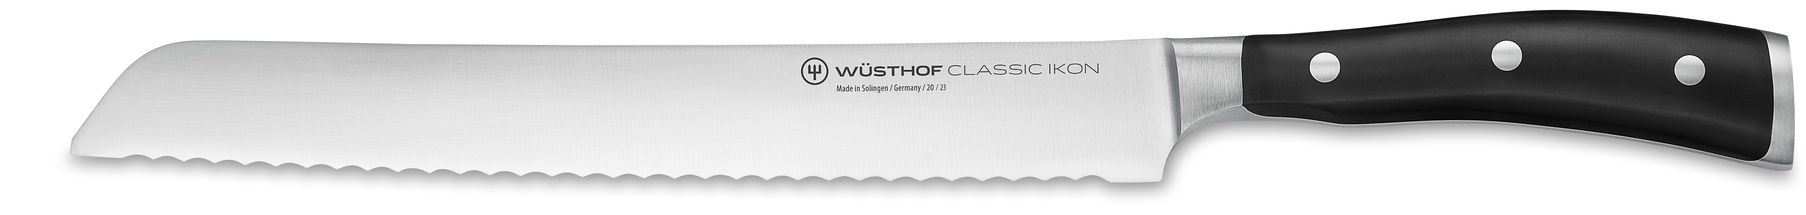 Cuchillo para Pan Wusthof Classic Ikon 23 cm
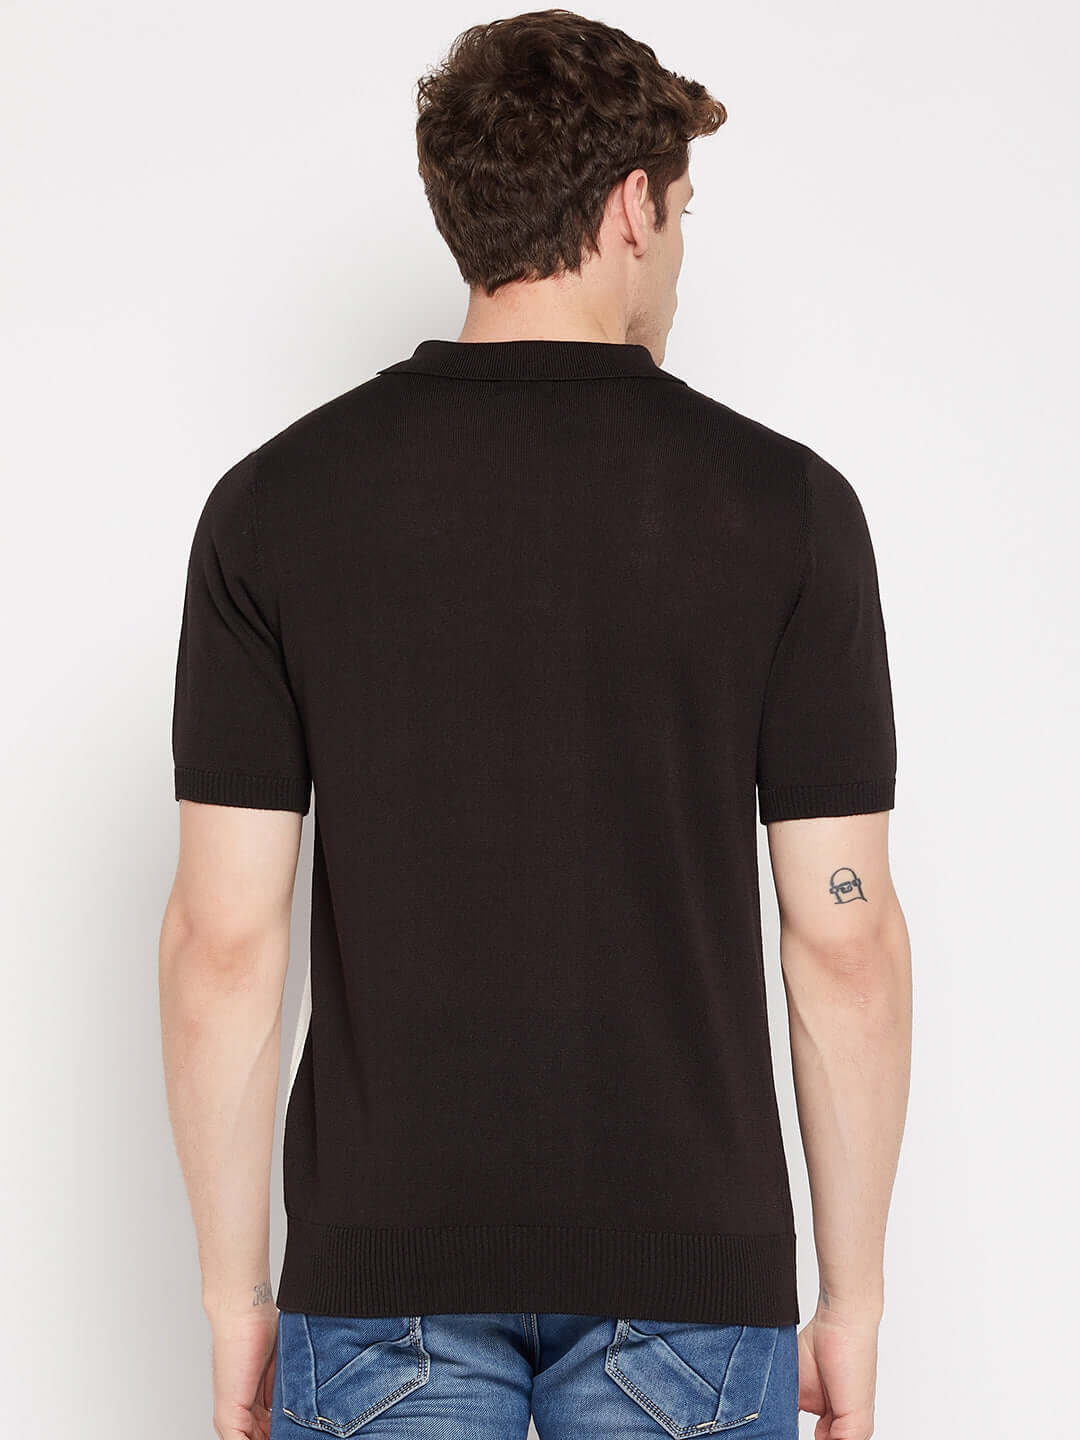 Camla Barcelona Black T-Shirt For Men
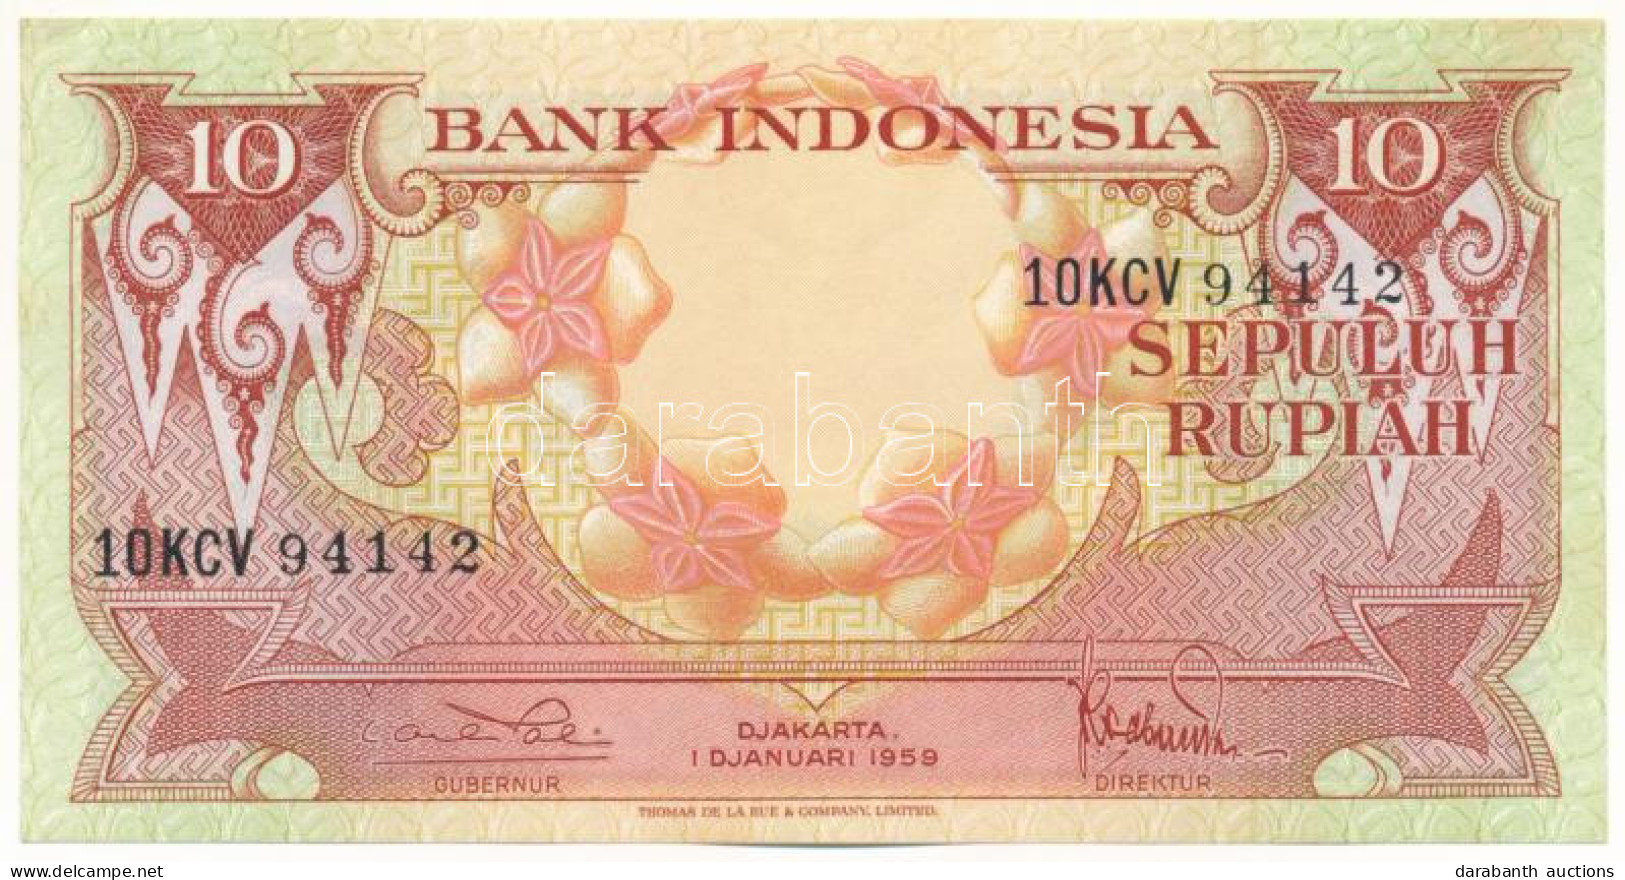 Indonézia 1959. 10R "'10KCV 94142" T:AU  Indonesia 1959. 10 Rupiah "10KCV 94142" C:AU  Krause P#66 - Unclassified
+ + + +
▶ _Requirement_
Would you transcribe the whole listing above exactly? The pictures should not be included.

▶ _Reply to the exercise_
 Cuchillo para Pan Wusthof Classic Ikon 23 cm
 Camla Barcelona Black T-Shirt For Men
 Indonézia 1959. 10R "'10KCV 94142" T:AU  Indonesia 1959. 10 Rupiah "10KCV 94142" C:AU  Krause P#66 - Unclassified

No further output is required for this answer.